Need some advice on 1D CNN trained on synthetic spectra to predict the frequency of a single minimum on real signal

Hi. I’m an undergraduate studying plasma, trying to apply deep learning to my research. I don’t have local ML support, so I had to study it all by myself and get some help from AI tools. I ’m seeking practical advice from PyTorch experts. I’ll not going to explain all the details about physics and focus on the ML/code side.

First of all, I’m not good at English so sorry if my sentences might sound awkward or rude. I got some help from AI tools either. I’m not sure if my topic’s format is appropriate, I’ll modify anytime if so.

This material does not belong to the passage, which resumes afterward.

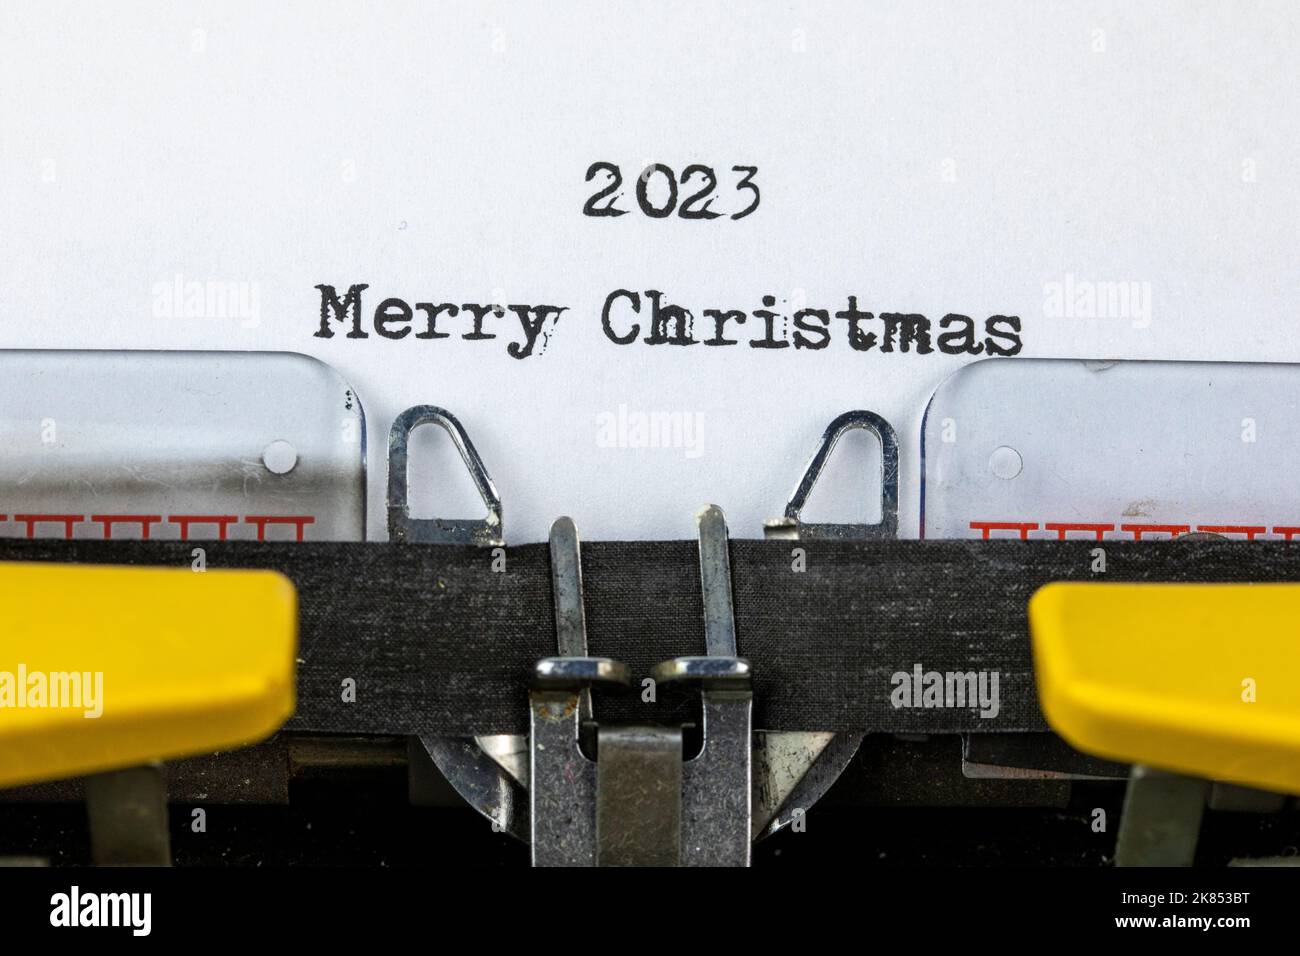 Merry Christmas 2023 written on an old typewriter Stock Photo

I really want to appreciate first for spending your time.

Problem

  • Input: a 1D spectrum (frequency vs. response) that typically has an N-shaped curve with a single clear minimum.

  • Goal: regress the frequency xxx at that minimum (scalar output).

  • Motivation: classic fitting or “find local minimum” rules can fail when the curve flattens under some conditions or is noisy.

  • Approach (simulation → real)

    • I can generate synthetic spectra from a simple circuit model, then add perturbations (noise, drift, local bumps) to mimic measurement conditions.

    • Model & inputs: small 1D CNN with 3 input channels: [frequency axis, S21 in dB, first derivative dS/df].

      • Derivative is computed with Savitzky–Golay (fixed window/polyorder) after resampling onto a fixed training grid.
    • Training: synthetic data only (large set). Loss = SmoothL1, optimizer = Adam, scheduler = ReduceLROnPlateau.

    • Inference: real signal traces are parsed, resampled to the same grid, derivative computed the same way, then passed to the model.

first and second Figures below are How the Actual experiment Data looks like and the Third one is how synthetic data looks like.

What I observe

  • On the synthetic validation set the model is reasonable, but on real data the prediction is consistently biased in one direction (systematic offset).

  • Preprocessing (grid + derivative method) is kept the same between train and inference.

What I’d like feedback on

  1. Sim-to-real feasibility: Is it realistic to train only on synthetic spectra and generalize to real traces? If so, what are the key practices (preprocessing, normalization, augmentations, loss/scheduler choices) that usually make this work?

  2. Non-DL or hybrid options: If deep learning isn’t strictly necessary, are there robust alternatives or hybrids you’ve found effective for predicting the minimum’s x-location when curves can be flat/noisy?

  3. Mixing real data: If I can label a small set of real traces, how would you mix them with synthetic data? (e.g., pretrain on synthetic → fine-tune only the head/BN on real; or a fixed ratio like 90:10 or 80:20?) Any rules of thumb?

  4. Model/code review: With inputs [freq, S21, dS/df] and a small 1D CNN (Conv-BN-ReLU-Pool blocks → GAP → FC), SmoothL1+Adam+Plateau scheduler:

    • Any obvious anti-patterns or easy wins (e.g., channel normalization, scheduler choice like cosine restarts/one-cycle, initialization details for ReLU, loss reweighting near the minimum, handling boundary effects after resampling, etc.)?

    • Suggestions to reduce systematic bias on real data are especially welcome.

Extra details (compact)

  • Data: synthetic ~100k traces on a fixed grid; real .s2p have irregular grids → resampled to training grid.

  • Augmentations: additive noise (pressure-dependent scale), slow drift, small local bumps; all applied after generating the clean model curve, then the derivative is computed.

  • Environment: Colab, PyTorch.

I can share my code if it’s needed. Thanks in advance for any pointers!